Monday, 9 March 2009

Canto VI. The poets disengage themselves from the large company of unshriven souls, all of whom beg of Dante that he seek prayers for them from their living friends and family. This leads Dante to ask Virgil to ask why Divine justice should respond to prayer in this matter. Dante and Virgil then meet the soul of Sordello, a Mantuan, which prompts Dante to a long diatribe on the state of Italy.

Virgil’s answer to Dante’s question on prayer provides matter for reflection here. On the face of it the political polemic that takes up most of the Canto does not. I think this mistaken, but will return to Dante’s political views later. Dante’s question to Virgil is ostensibly prompted by a passage in the Aenied where Aeneas visits Hades. A soul of a drowned sailor asks to cross the Styx but is refused, since his body is unburied, and he is told by the Sybil that he cannot hope to change the decrees of the gods by prayer. The question of why our prayer should ever be efficacious does not require this obscure classical prompt, of course.

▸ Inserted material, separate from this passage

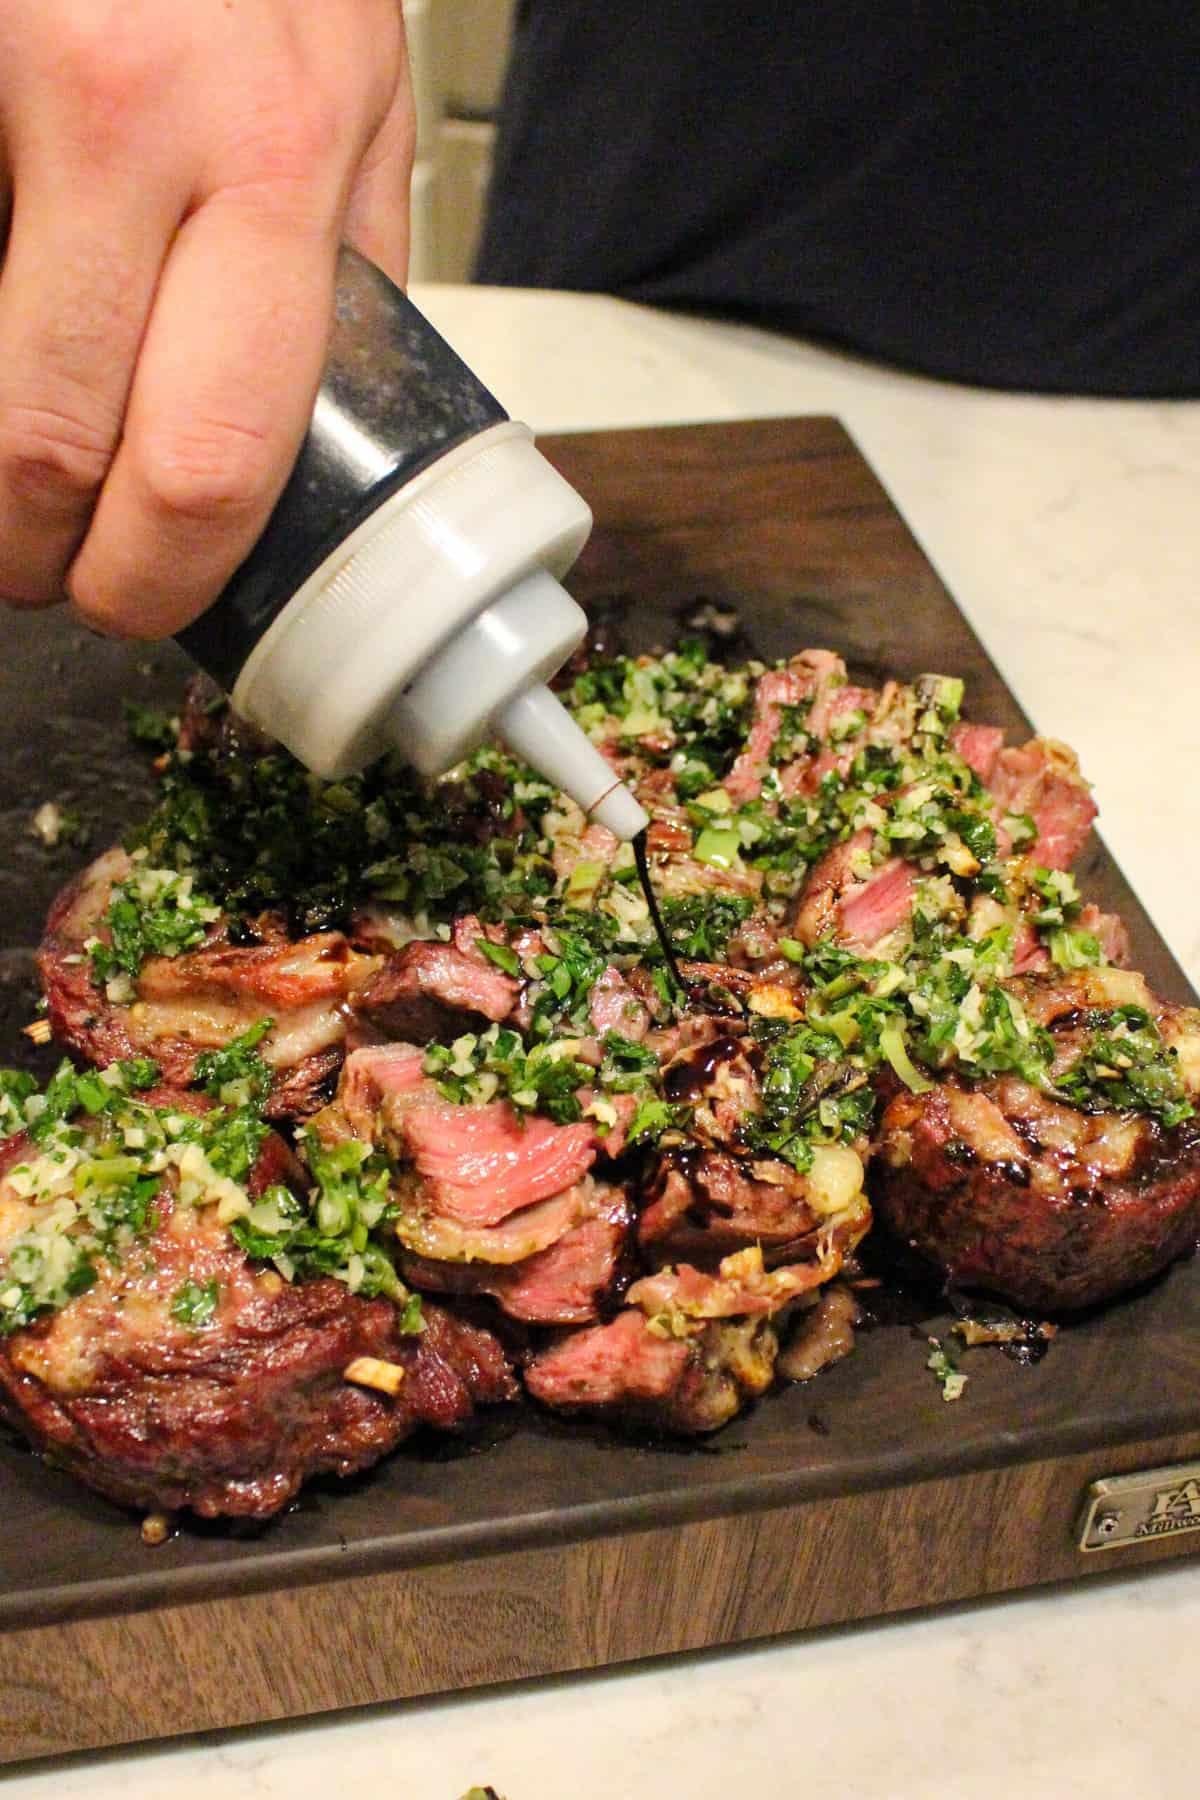 balsamic vinegar being drizzled over grilled steak pinwheels with charred scallion gremolata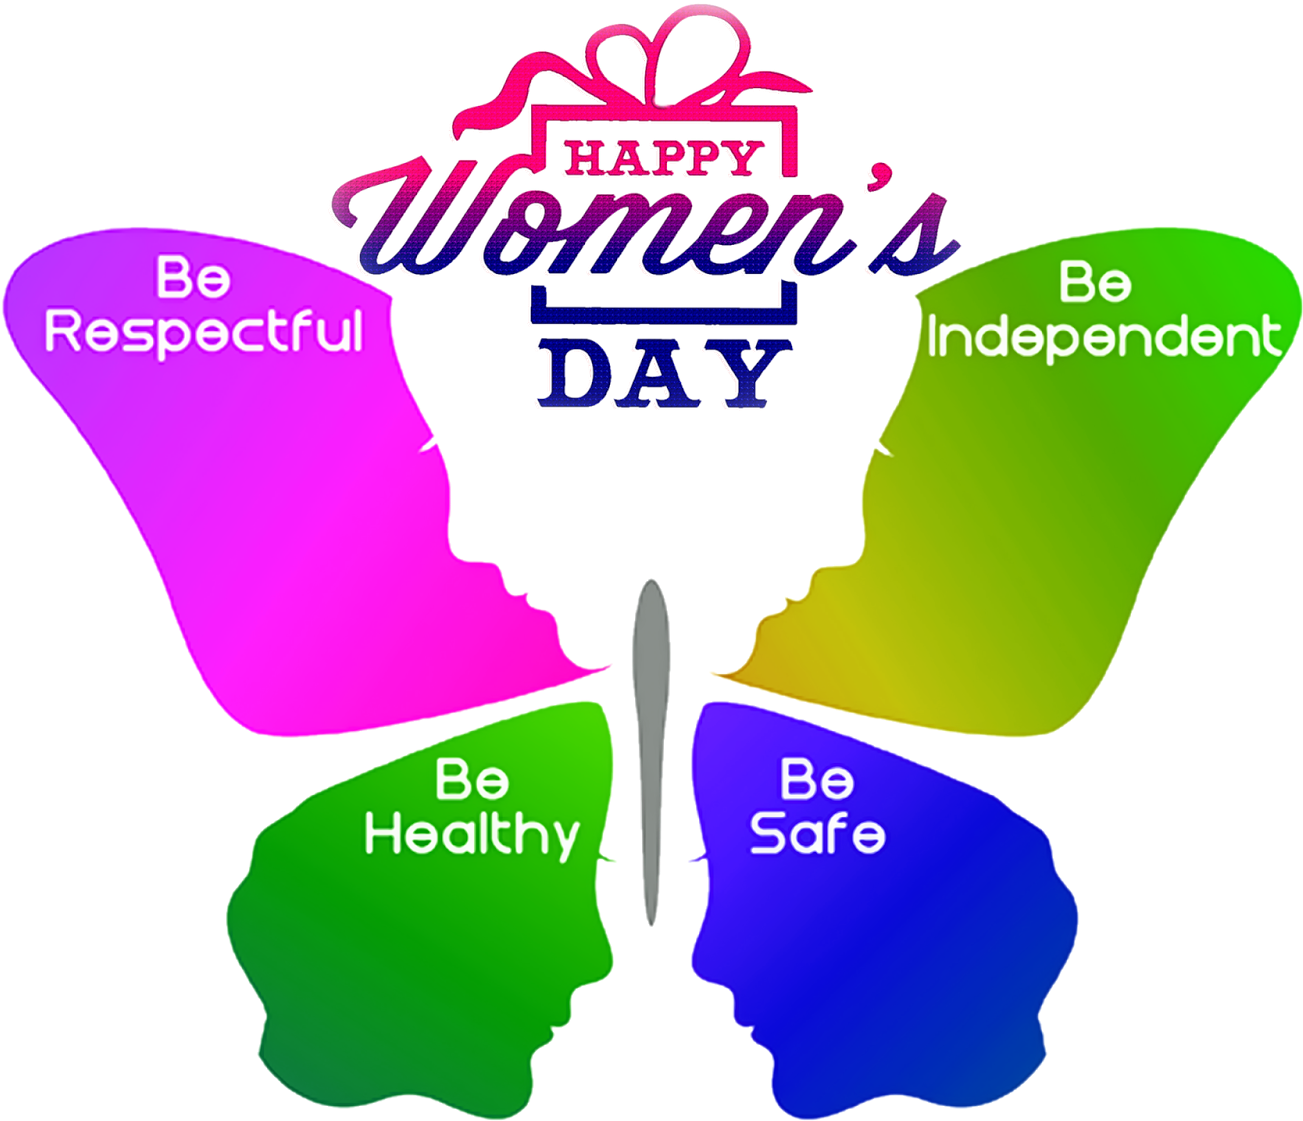 Happy International Womens Day Wallpapers Wallpaper Cave 0847

Virgil offers a provisional answer, Beatrice will fully enlighten Dante later. Figuratively, reason defers to theology. But we learn some theology nonetheless. Prayer is a kind of substitution, an offering of love for another, and so its effectiveness is not a lessening of divine justice, but a satisfaction of it. This answer is enlightening, certainly to me. Prayer is not a matter of offering the Godhead advice on how to run the universe, it is primarily an offering of love to God, that God uses in unexpected ways. That this is possible is a miracle of grace, as Herbert McCabe puts it, our prayer is ultimately not ours but rather ‘our way of sharing in that communication between the Son and the Father’ which is his self-offering on the cross.